Hi,
I have tried a few days to reproduce the models mentioned in the paper "MultiFC : A Real-World Multi-Domain Dataset for Evidence-Based Fact Checking of Claims", including "claim-only" and "crawled ranked" model, but I could not match the performances mentioned in the paper, there is always a gap of about 4-5 points. So I wonder is there any code or baseline system available? For example, data preprocessing, models or training code.
Hi,
Do you mind open source your evaluation scripts. The results drop about 10 points from valid set to test set, I suspect that my evaluation scripts maybe not correct.
Unfortunately, we currently don’t have the bandwidth to wrap this up in a way that it would be well-documented enough to release it. However, you might find the code for the multi-task learning model we extend useful: https://github.com/coastalcph/mtl-disparate
Posted by: lucaschaves @ Oct. 29, 2019, 7:05 p.m.All right.
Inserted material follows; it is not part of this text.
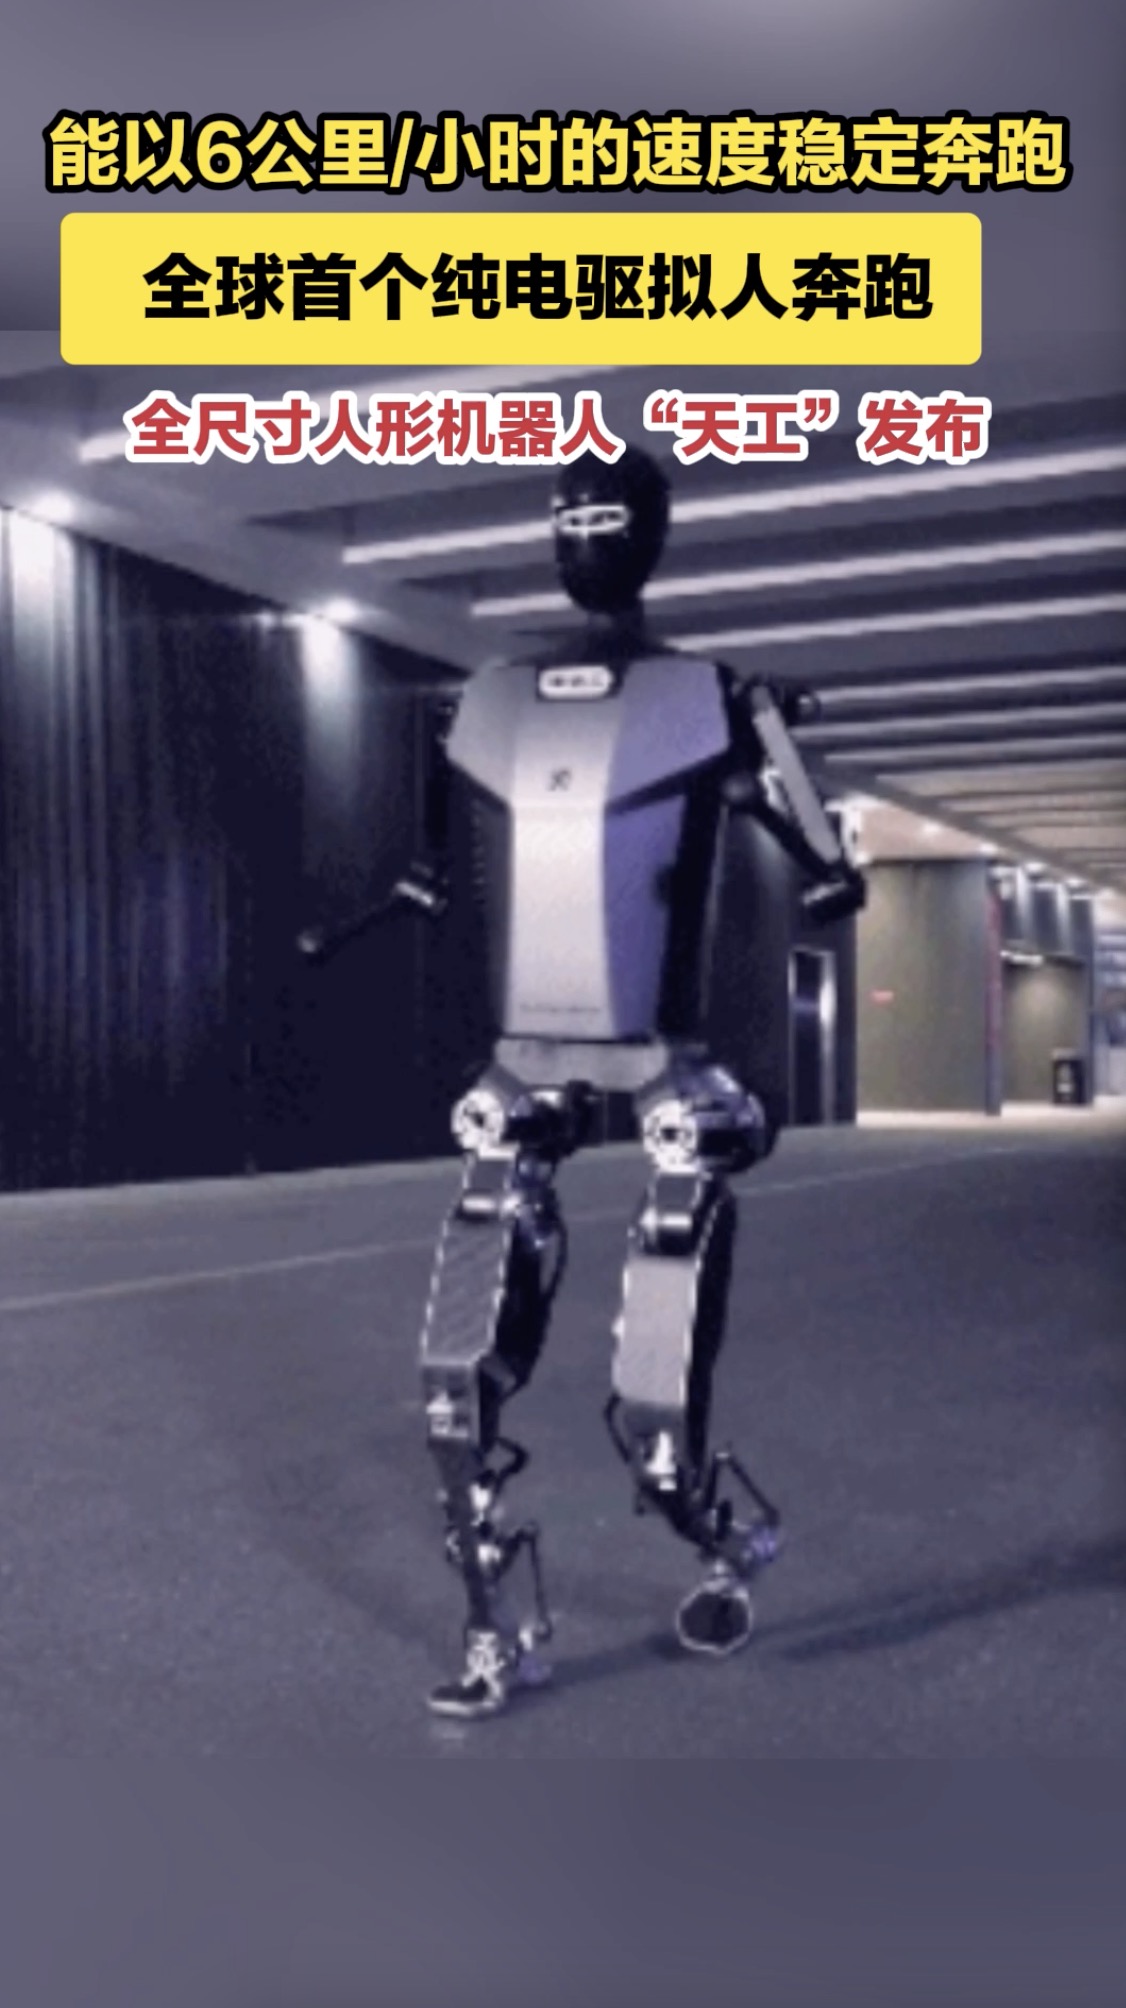 能以6公里/小时的速度稳定奔跑 人形机器人天工发布 全球首个纯电驱拟人奔跑全尺寸人形机器人

But I still hope that you can publish the evaluation script. My result on the verification set has reached 60% of the micao_f1 value, but it shows only 40% after submission on test set.
Posted by: cococold @ Oct. 30, 2019, 12:58 a.m.Hi cococold,
Is your work reproducing the baseline system publicly available?
Posted by: jeswan @ March 24, 2020, 7:26 p.m.Due to the control during the epidemic, I cannot connect to our private server where we store the project. We will public our work as soon as possible.
Posted by: cococold @ March 25, 2020, 2:15 a.m.Hi cococold,
Any luck with accessing your server? Planning to try and reproduce these results manually and it would be a great help to reference your work! Thanks!
Posted by: jeswan @ April 1, 2020, 2:16 a.m.Hi, are you still planning to publish your work? I have a few questions about details of the baseline system that are not answered by the paper so I'd be very curious to see the implementation.
Posted by: wangrat @ March 6, 2022, 7:54 p.m.Hi
Could it be that the final results for micro-F1 and macro-F1 are calculated differently than in the paper?
Because in the paper, I suppose the full results on micro and macro F1 are calculated by taking the mean of the micro - and macro F1 values of all domains,
but when I submit my predictions for the pomt-domain (labels for other domain are set on a label that only pomt uses (e.g. full flop)). Then I supose
I would get results below 1/26 for both micro and macro F1, but I got 0.101403609281 micro-F1, which I think it's stange.
Could You please give more information on how the micro -and macro F1 is calculated on Codalab and how to reformat the results to the method used in the paper.
Thanks in advance!
Marlon